Questo pensiero selvaggio, come argomentava Claude Lévi-Strauss in uno dei suoi libri più famosi, non è il pensiero dei selvaggi, piuttosto consiste in una serie di storie che allargano le possibilità dell’umano, senza conformarsi alla narrazione unica dell’Antropocene e della reazione catastrofica dell’ambiente. Nelle mie ricerche di campo in Oceania non ho ritrovato né società a un passo dall’essere inghiottite dalle acque dell’oceano e neppure i buoni ecologisti di Jean-Jacques Rousseau. La cura e il piacere nella coltivazione dei giardini, la gioia per i tempi di abbondanza che si esprime in grandi rituali redistributivi e si alterna ai momenti di crisi e carestia, il profumo inebriante di un collier di fiori appena raccolti nel cortile di casa, sono segni di una visione non necessariamente catastrofica di quella che noi occidentali chiamiamo «natura». Sono segni simili a quelli che appassionati di montagna postano senza sosta sui social, fotografando fiori, praterie, animali selvatici che irrompono sulla scena come alieni ai processi di domesticazione totale del mondo. Il pensiero selvaggio dell’ambiente che rompe la narrazione della natura matrigna e del disastro che incombe, è un pensiero dell’ambiente che ci cura, che si cura di noi.

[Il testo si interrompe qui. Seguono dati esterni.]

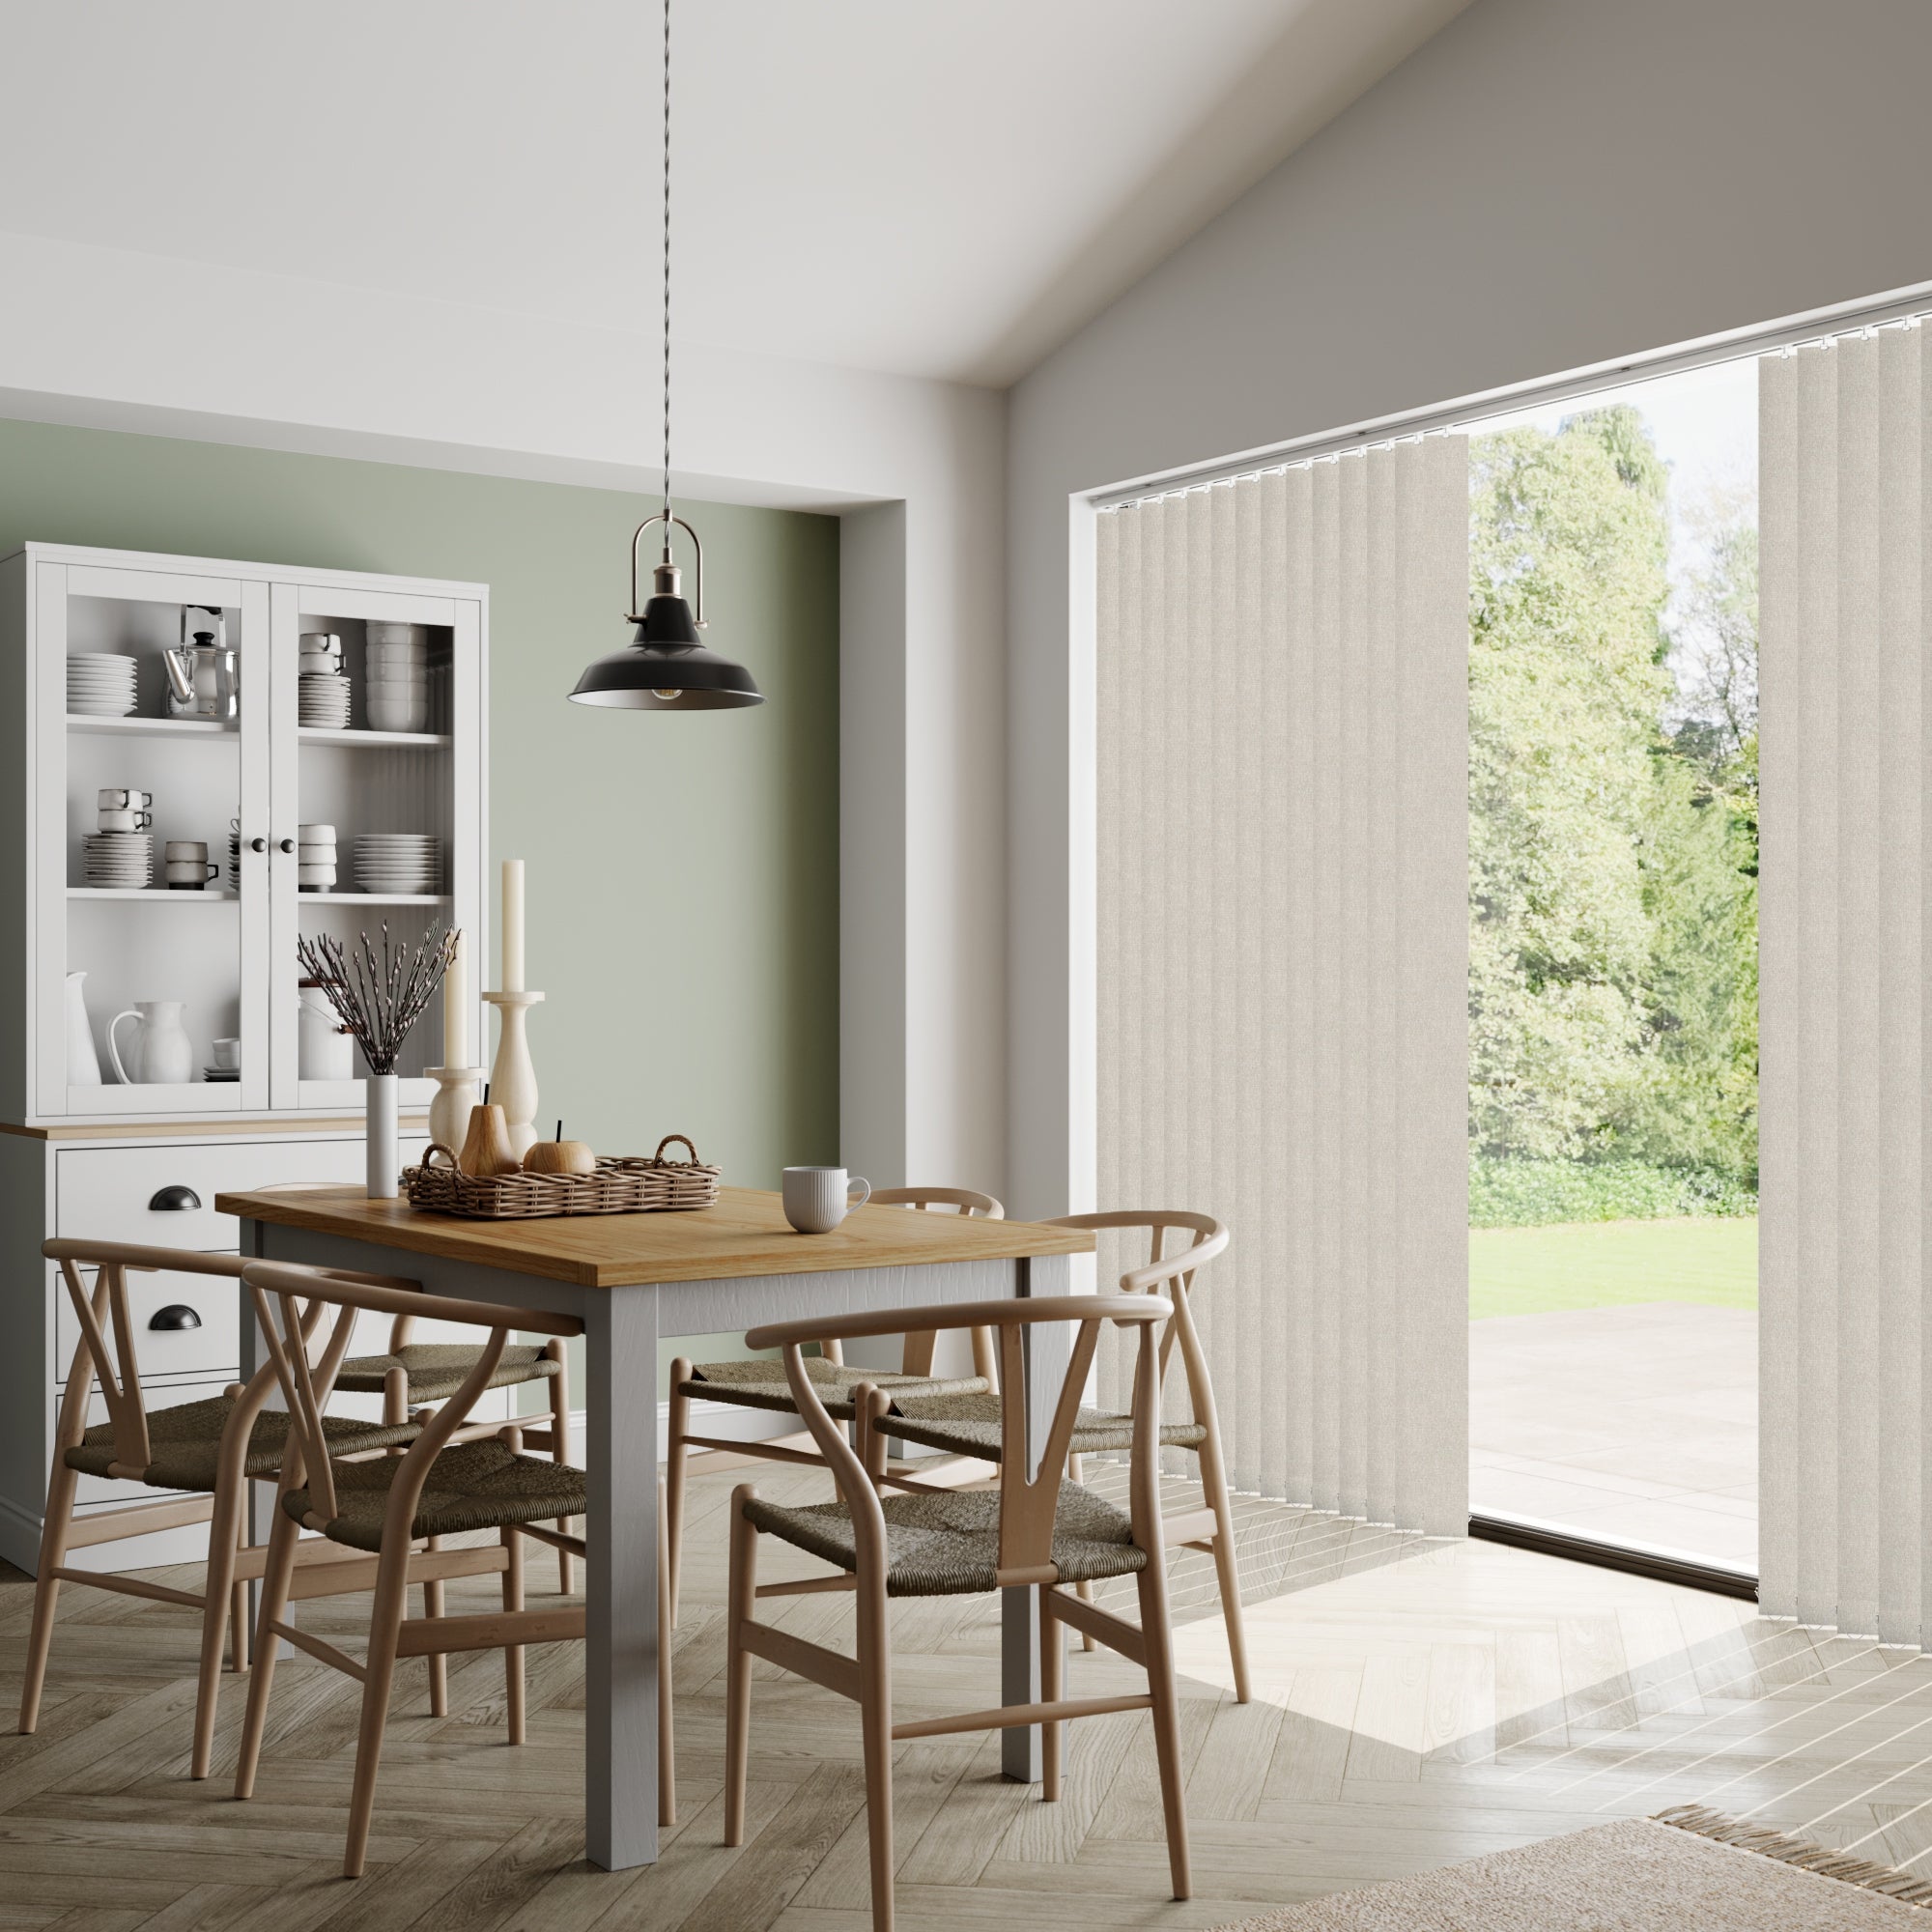 Henlow Made to Measure Vertical Blind Henlow Sand

Se solo tenessimo a bada le nostre ambizioni coloniali di dominio degli altri umani e non umani, passeremmo facilmente da una visione di esseri in balìa dell’ambiente, alla concezione dell’ambiente come bàlia che si cura degli esseri viventi. È una questione di possibilità. Finché ci affideremo a un pensiero unico del progresso e della transizione ecologica, rimarremo nel pantano di una grande narrazione ambientale nascosta o riemergente solo attraverso i disastri. Rimarremo immersi nell’idea consolante e reazionaria secondo cui «tanto non esistono alternative». La strada per uscire dalla crisi ambientale non è necessariamente lastricata di rinunce, può consistere se lo vogliamo in porte aperte al futuro.